According to one embodiment, the present invention provides a stable ophthalmic composition comprising miconazole, combination of sodium alginate and carrageenan, benzalkonium chloride, monobasic sodium phosphate, dibasic sodium phosphate, propylene glycol, sodium hydroxide and purified water.
According to one embodiment, the present invention provides a stable ophthalmic
composition comprising:
0.5% to 2 % (w/v) miconazole,
0.01 % to 0.5 % (w/v) benzalkonium chloride,
0.05 % to 0.38 % (w/v) carbopol,
0.05 % to 0.7% (w/v) xanthan gum,
0.001 % to 0.5 % (w/v) monobasic sodium phosphate,
0.001 % to 1% (w/v) dibasic sodium phosphate and
0.3 % to 2.5 % (w/v) propylene glycol.
According to one embodiment, the present invention provides a stable ophthalmic
composition comprising:
0.5% to 2 % (w/v) miconazole,
0.01 % to 0.5 % (w/v) benzalkonium chloride,
0.05 % to 0.38 % (w/v) carbopol,
0.05 % to 0.7% (w/v) xanthan gum,
0.001 % to 0.5 % (w/v) monobasic sodium phosphate,
0.001 % to 1% (w/v) dibasic sodium phosphate and
0.3 % to 2.5 % (w/v) propylene glycol,
wherein the composition has pH of about 6 to 7.
According to one embodiment, the present invention provides a stable ophthalmic
composition comprising:
0.5% to 2 % (w/v) miconazole,
0.01 % to 0.5 % (w/v) benzalkonium chloride,

0.05 % to 0.38 % (w/v) carbopol,
0.05 % to 0.7% (w/v) xanthan gum,
0.001 % to 0.5 % (w/v) monobasic sodium phosphate,
0.001 % to 1% (w/v) dibasic sodium phosphate and
0.3 % to 2.5 % (w/v) propylene glycol.
wherein the composition has pH of about 6 to 7 and stable over time at room
temperature, and compatible to the low-density polyethylene (LDPE) packaging
material.
According to one embodiment, the present invention provides a stable ophthalmic
composition comprising:
1 % (w/v) miconazole,
0.025 % (w/v) benzalkonium chloride,
0.125% (w/v) carbopol,
0.375% (w/v) xanthan gum,
0.1 % (w/v) monobasic sodium phosphate,
0.05 % to ]% (w/v) dibasic sodium phosphate and
1.92 % (w/v) propylene glycol.
According to one embodiment, the present invention provides a stable ophthalmic
composition comprising:
1 % (w/v) miconazole,
0.025 % (w/v) benzalkonium chloride,
0.125% (w/v) carbopol,
0.375% (w/v) xanthan gum,
0.1 % (w/v) monobasic sodium phosphate,
0.05 % to 1% (w/v) dibasic sodium phosphate and
1.92 % (w/v) propylene glycol.
wherein carbopol and xanthan gum are in the ratio of 1:3 and the composition has pH
of about 6 to 7.

According to one embodiment, the present invention provides a stable ophthalmic
composition comprising:
1 % (w/v) miconazole,
0.025 % (w/v) benzalkonium chloride,
0.250 % (w/v) sodium alginate,
0.750 % (w/v) carrageenan,
0.1 % (w/v) monobasic sodium phosphate,
0.05 % to 1% (w/v) dibasic sodium phosphate and
1.92 % (w/v) propylene glycol.
The pharmaceutically acceptable excipients contained in the aqueous ophthalmic composition of the present invention include preservative, viscosity enhancing agents, buffering agents, surfactants, osmotic agent, chelating agents, vehicles and other conventional agents that may be typically used in formulating an ophthalmic composition.
The ophthalmic composition of the present invention may optionally contain a preservative that is conventionally used in ophthalmic compositions such as eye drops.
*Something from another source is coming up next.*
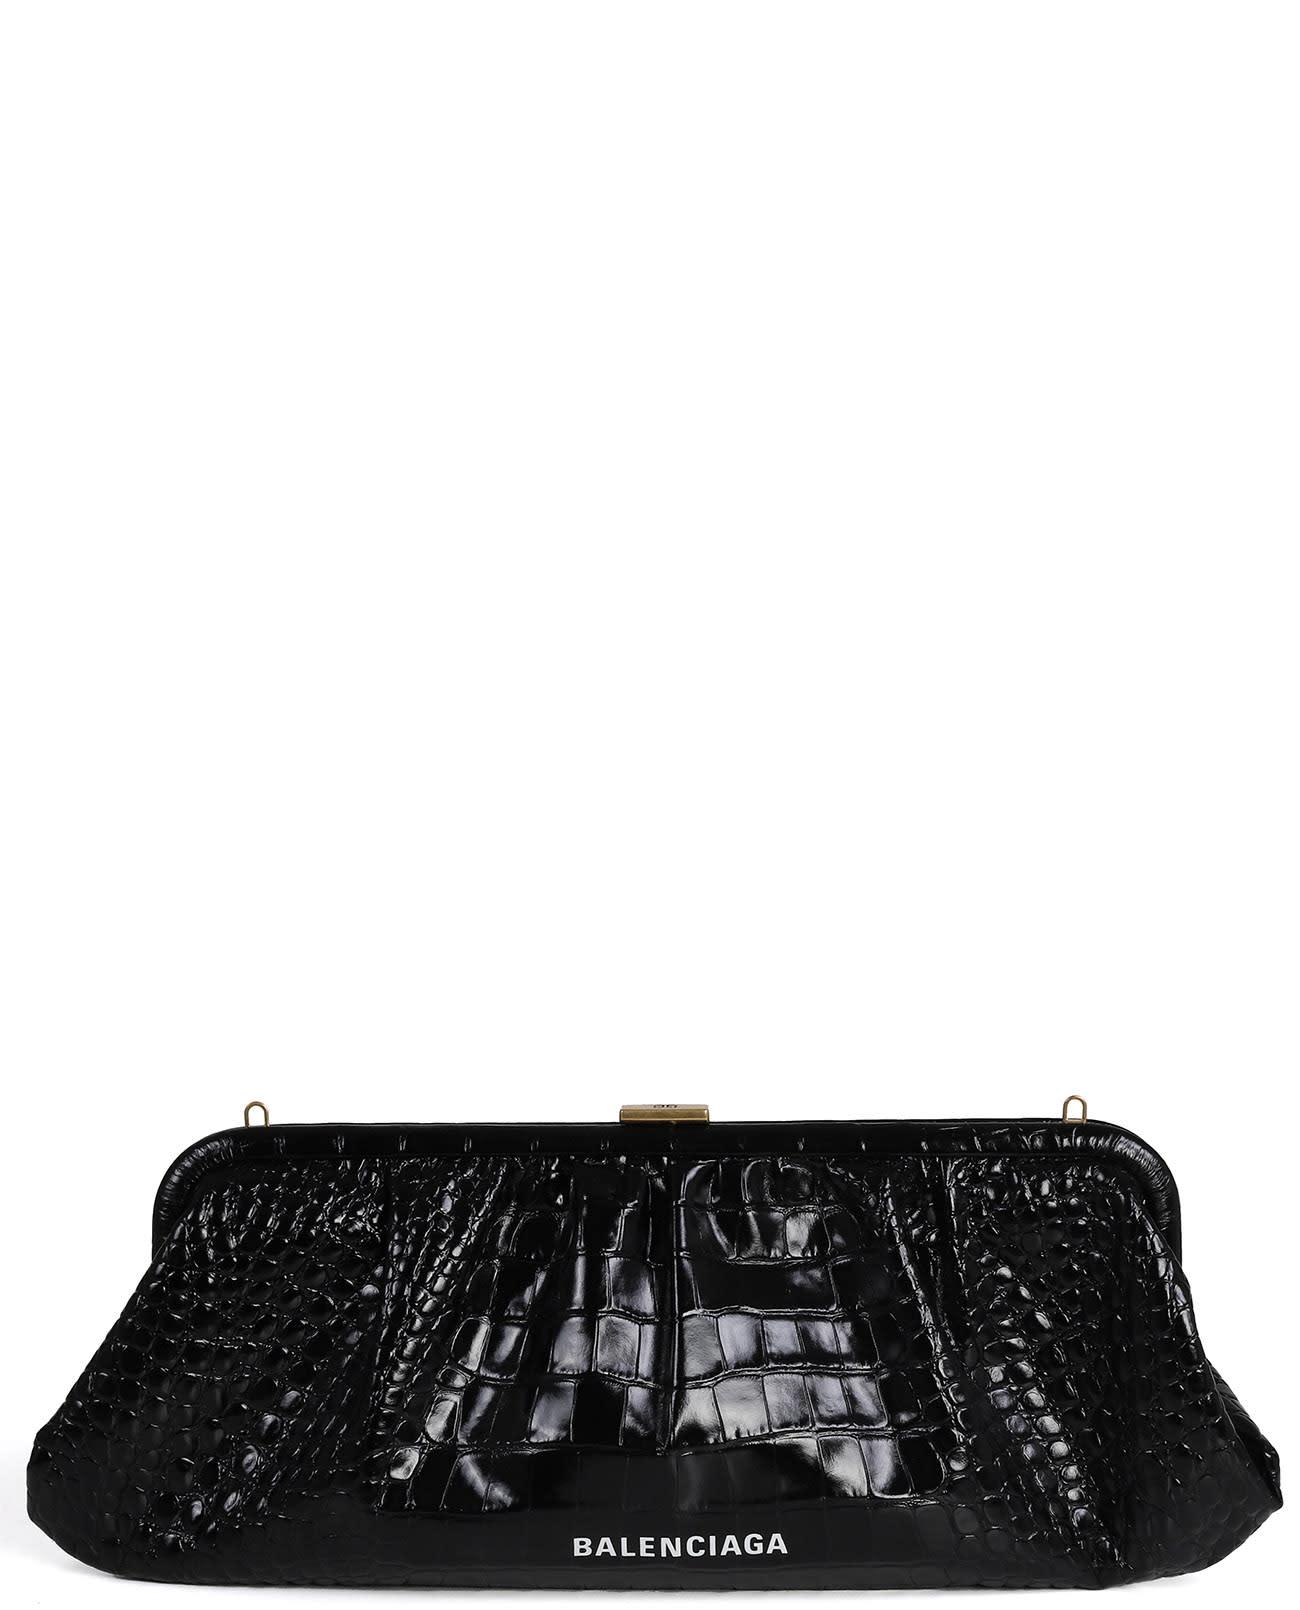 Balenciaga BLACK CLOUD XL

The preservatives that can be used in the aqueous ophthalmic composition include, without limitation, hydrogen peroxide, biquanides, sorbic acid, potassium sorbate, boric acid, borate, chlorohexidine, zinc chloride, propylene glycol, purite, polyquad, benzalkonium chloride, or the like.
Accordingly, the present invention relates to a preservative free aqueous ophthalmic suspension comprising miconazole and pharmaceutically acceptable excipients.
In one embodiment, the present invention relates to a preservative free stable ophthalmic composition comprising miconazole, combination of carbopol and xanthan gum, and pharmaceutically acceptable excipients.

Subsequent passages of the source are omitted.